Feminism Gender And Universities written by Miriam E. David and has been published by Routledge this book supported file pdf, txt, epub, kindle and other format this book has been release on 2016-04-15 with Social Science categories.


Feminism, Gender and Universities demonstrates the positive and robust impacts that feminism has had on higher education, through the eyes and in the words of the participants in changing political and social processes. Drawing on the ’collective biography’ of leading feminist scholars from around the world and current evidence relating to gender equality in education, this book employs methods including biographies, life histories, and narratives to show how the feminist project to transform women’s lives in the direction of gender and social equality became an educational and pedagogical one.
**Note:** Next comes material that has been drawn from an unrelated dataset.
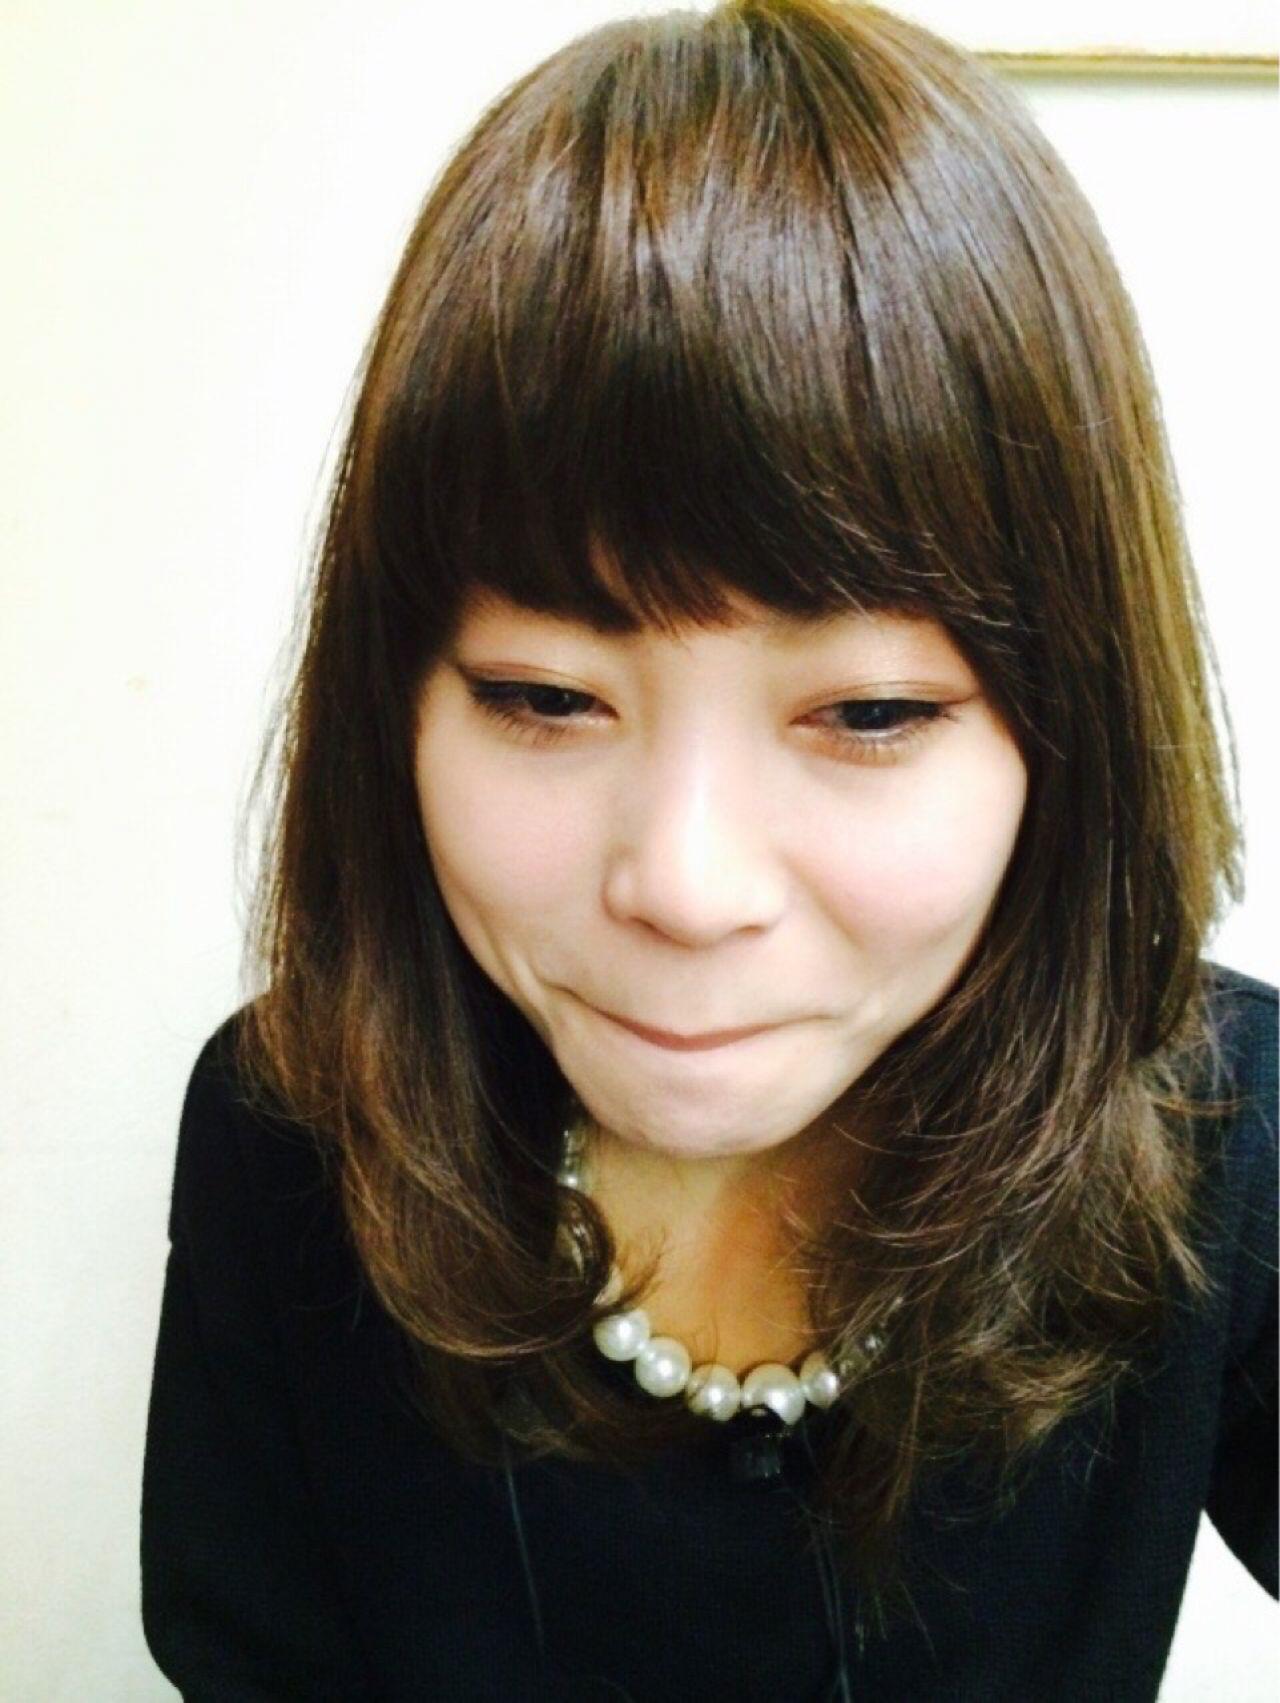 丸顔 ガーリー ミディアム モテ髪 ヘアスタイルや髪型の写真・画像 | johnny /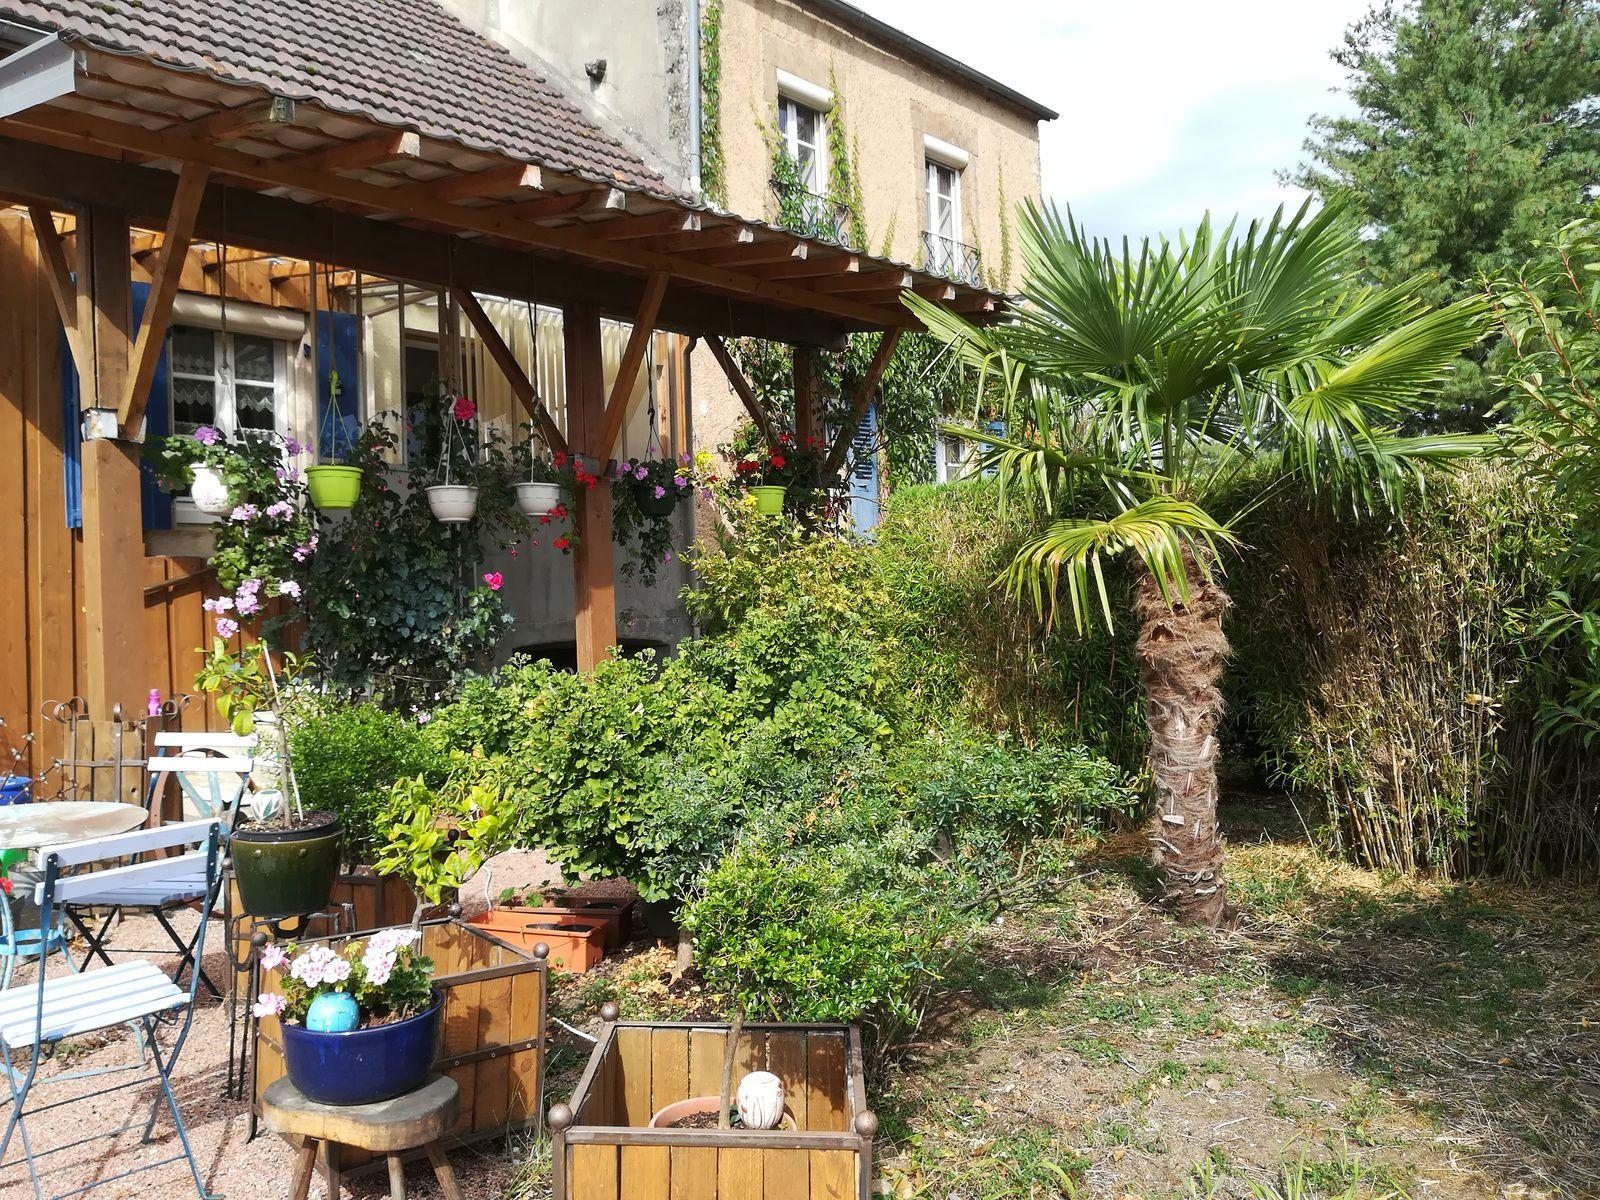 Ferme ancienne avec pré à vendre en Bourgogne

Through careful attention to the ways in which feminism has transformed feminist academic women’s lives, the author explores the importance of education in changing socio-political contexts, raising questions about further changes that are necessary. Delving into the deeper and more ’hidden’ echelons of education, the book examines the contested nature of current managerial or business approaches to university and education, revealing these to be incompatible with feminist thought. A plea for more careful attention to education and the ways in which the processes of knowledge-making influence (and are influenced by) gender and sexual relations, Feminism, Gender and Universities will appeal to scholars across the social sciences with interests in gender, pedagogy and modern academic life.